WHAT NEEDS TO BE DONE: Reproduce the full listing as it stands. Images do not belong in the copy.

INFORMATION PROVIDED:
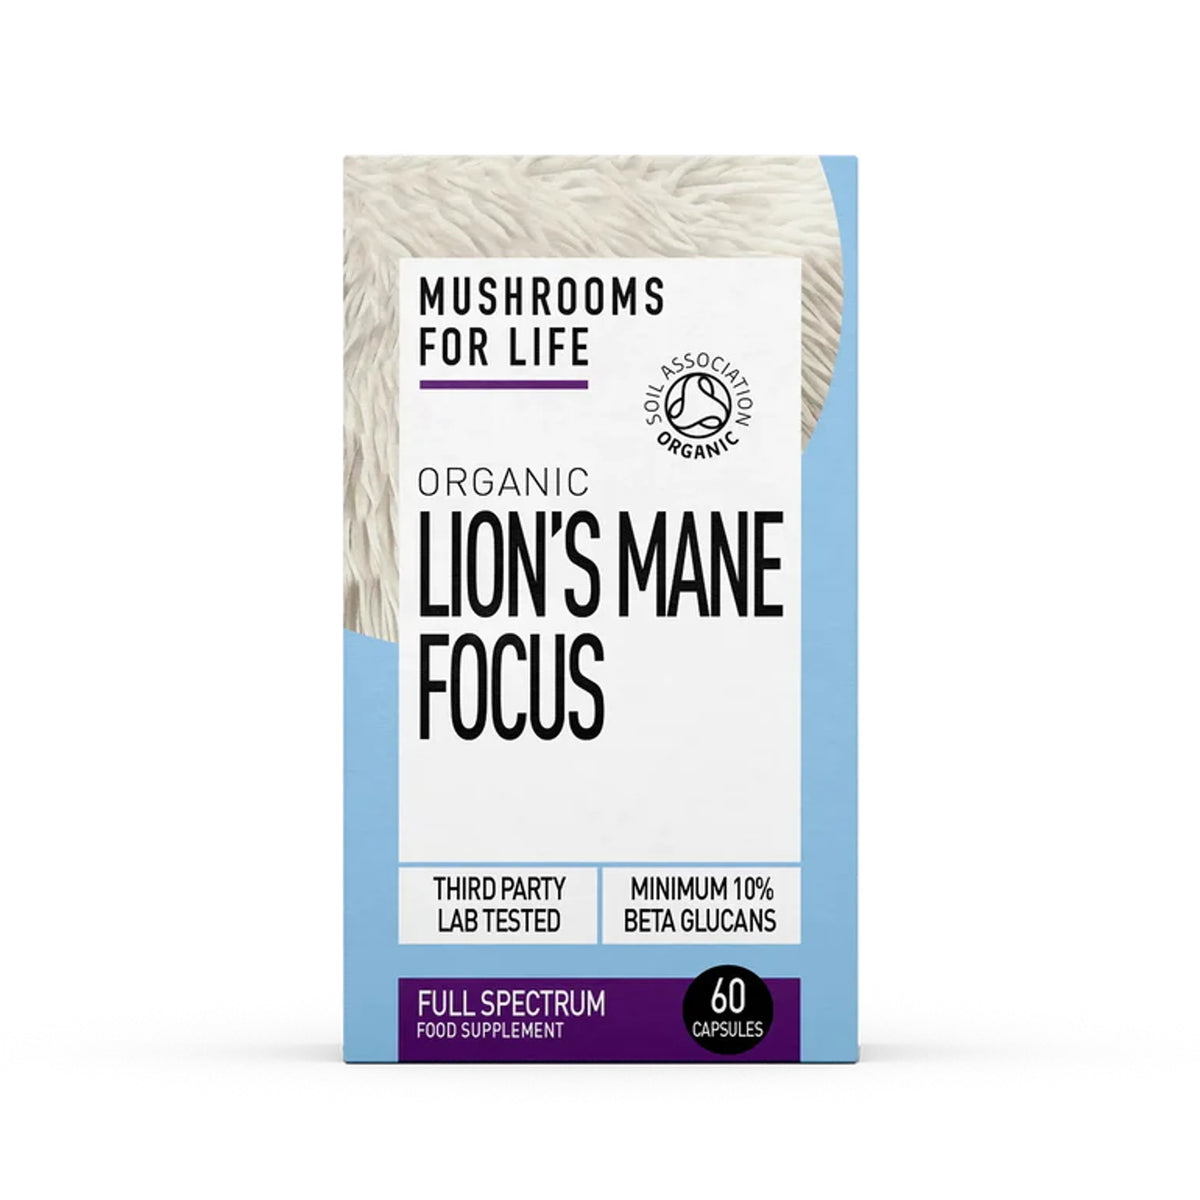 Mushrooms For Life Organic Lion’s Mane Focus 60 capsules 36g
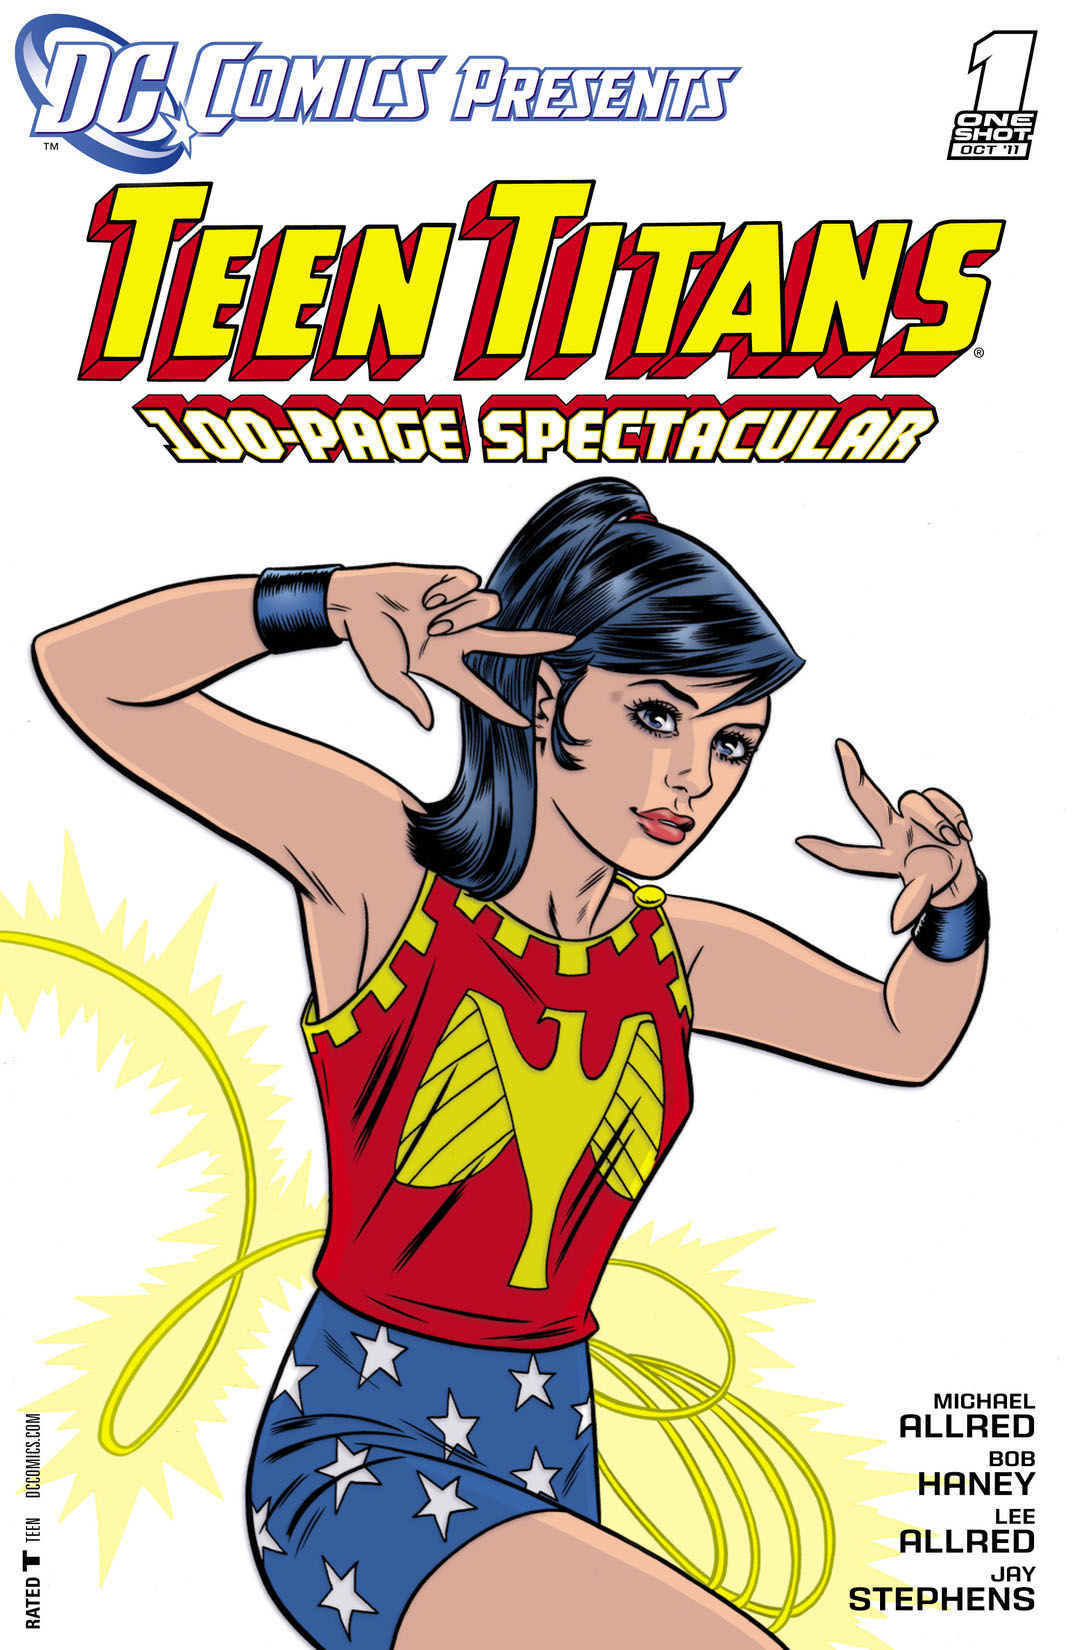 DC Comics Presents: Teen Titans (2011-) #1 preview images
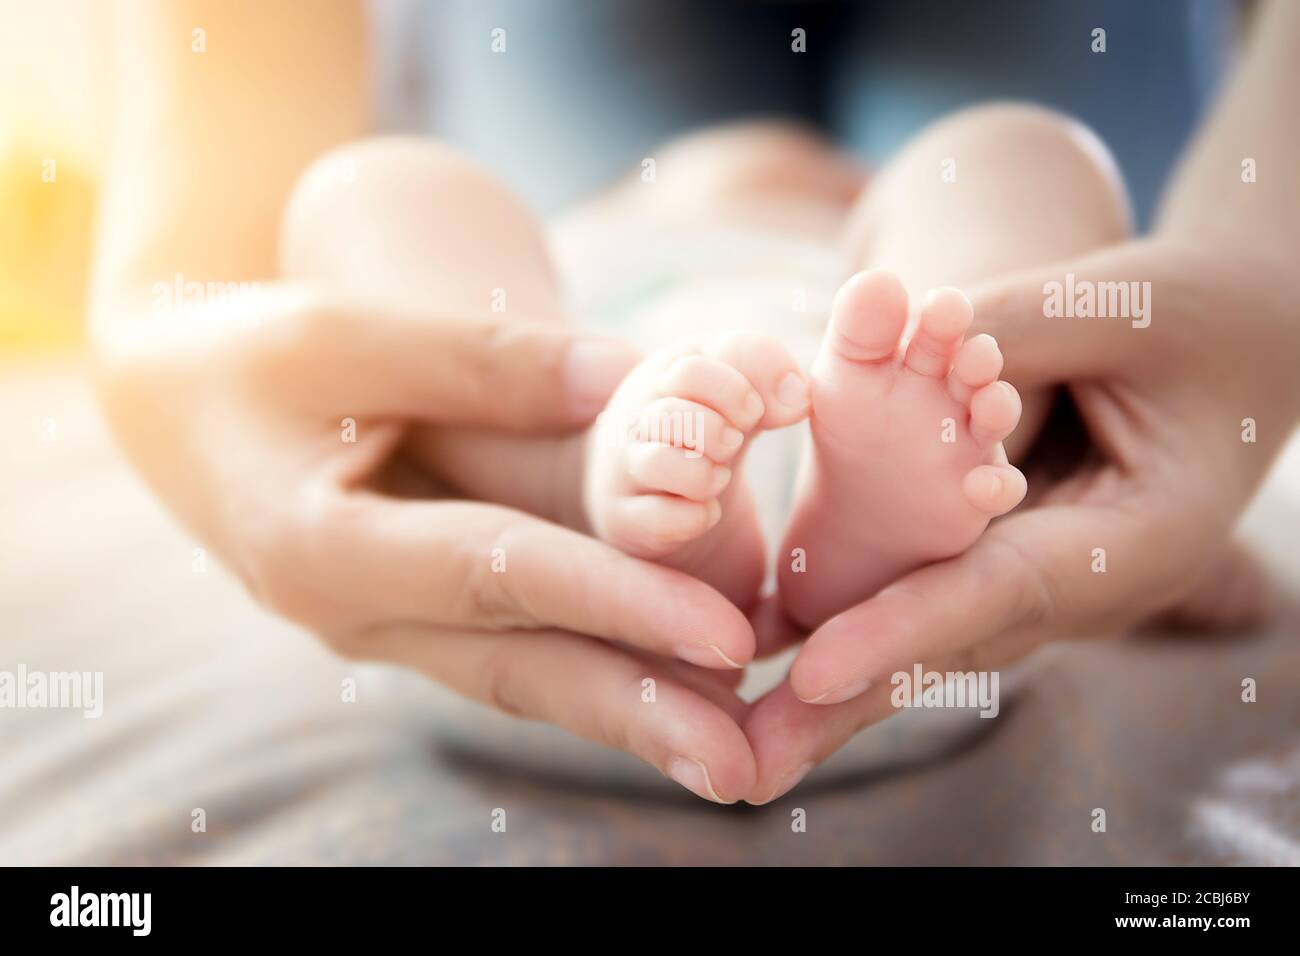 Happy Relationship in Familie Konzept : Neugeborenen Baby Füße in Mutterhand. Eltern halten winzige Füße des Neugeborenen in den Händen mit sanfter Pflege Stockfoto

TASK RESPONSE:
 Mushrooms For Life Organic Lion’s Mane Focus 60 capsules 36g
 DC Comics Presents: Teen Titans (2011-) #1 preview images
 Happy Relationship in Familie Konzept : Neugeborenen Baby Füße in Mutterhand. Eltern halten winzige Füße des Neugeborenen in den Händen mit sanfter Pflege Stockfoto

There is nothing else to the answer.